В трубке наступило долгое молчание, после чего уже совершенно четкий и ясный голос Егора ошарашено спросил:
— Че?!
Кира нетерпеливо повторила вопрос, и Егор снова долго молчал, после чего спросил:
— Кир, может… мне лучше приехать? Ты… это бывает…
— Михеев, не валяй дурака, просто мне оттуда нужна одна фраза… очень срочно! Это для… в общем, нужно!
— А у тебя точно все нормально? — настороженно осведомился он.

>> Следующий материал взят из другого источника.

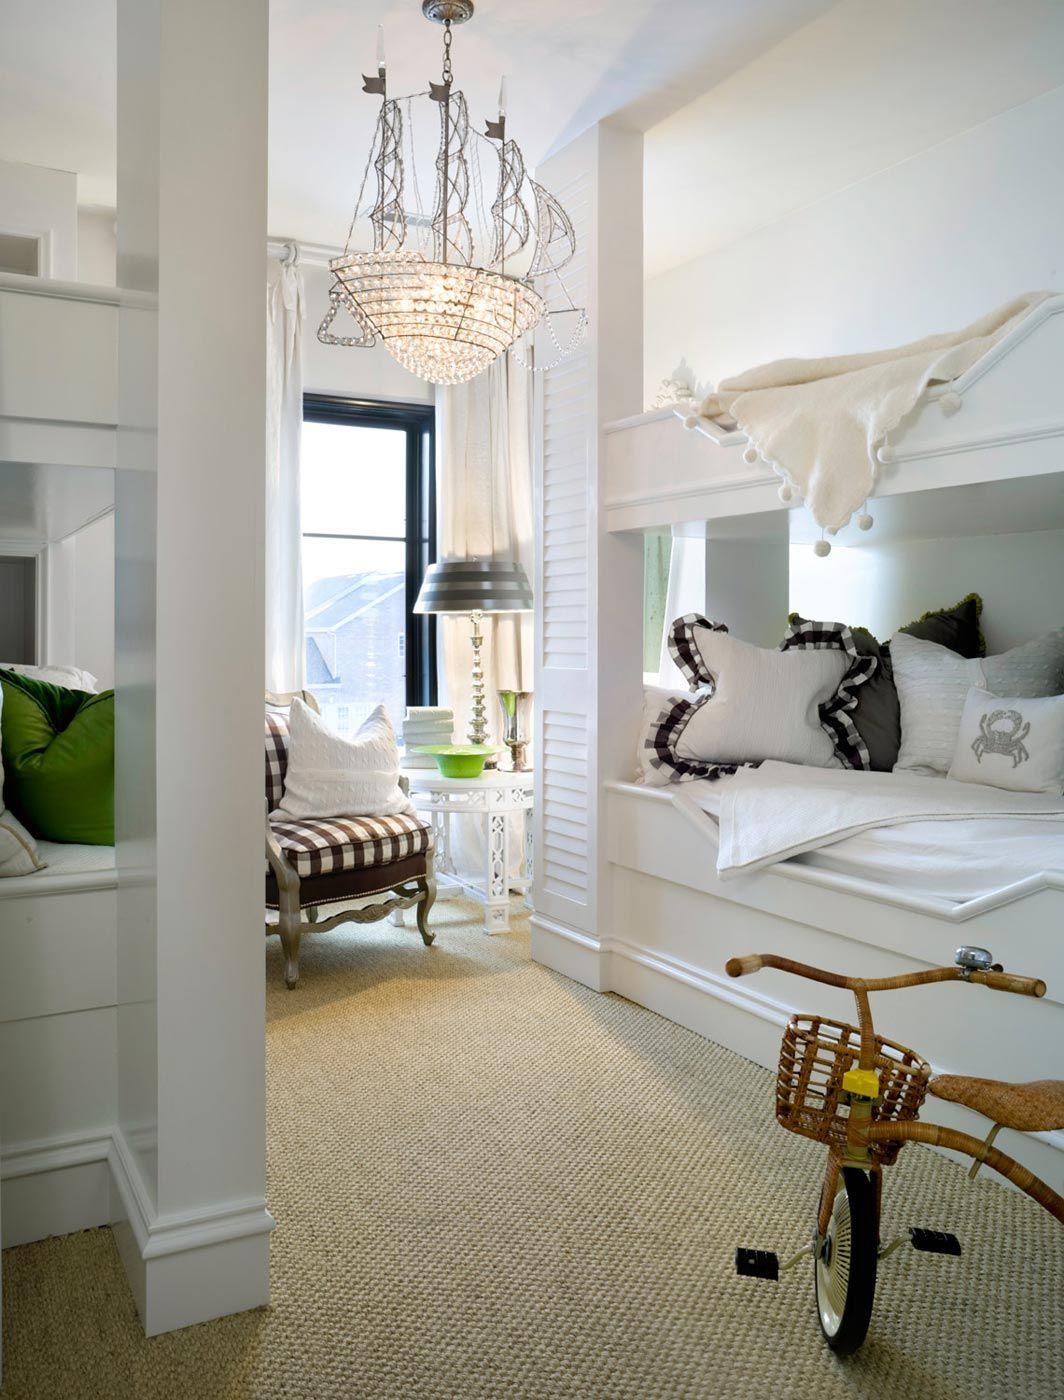 Elegant Bedroom with Built in Bunk BedsGreat for

— Да, но если ты мне сейчас не скажешь, то ненормально будет у тебя!
— Понял! — отозвался Егор, и трубка глухо обо что-то стукнула. Некоторое время в ней слышался шорох и чьи-то отдаленные голоса, потом Михеев сказал:
— Ну, чего искать?
Кира объяснила, и он хмыкнул, шелестя страницами на другом конце провода.
— Как же, припоминаю такую… Вот. Тебе целиком?
— Да.
Михеев хрипловато и, то и дело позевывая, зачитал ей изречение, и Кира мрачно попросила:
— Зачитай-ка конец еще раз.
— … время любить, и время ненавидеть, время войне и время миру.
— И все?
— Ага.
— Начни следующий абзац.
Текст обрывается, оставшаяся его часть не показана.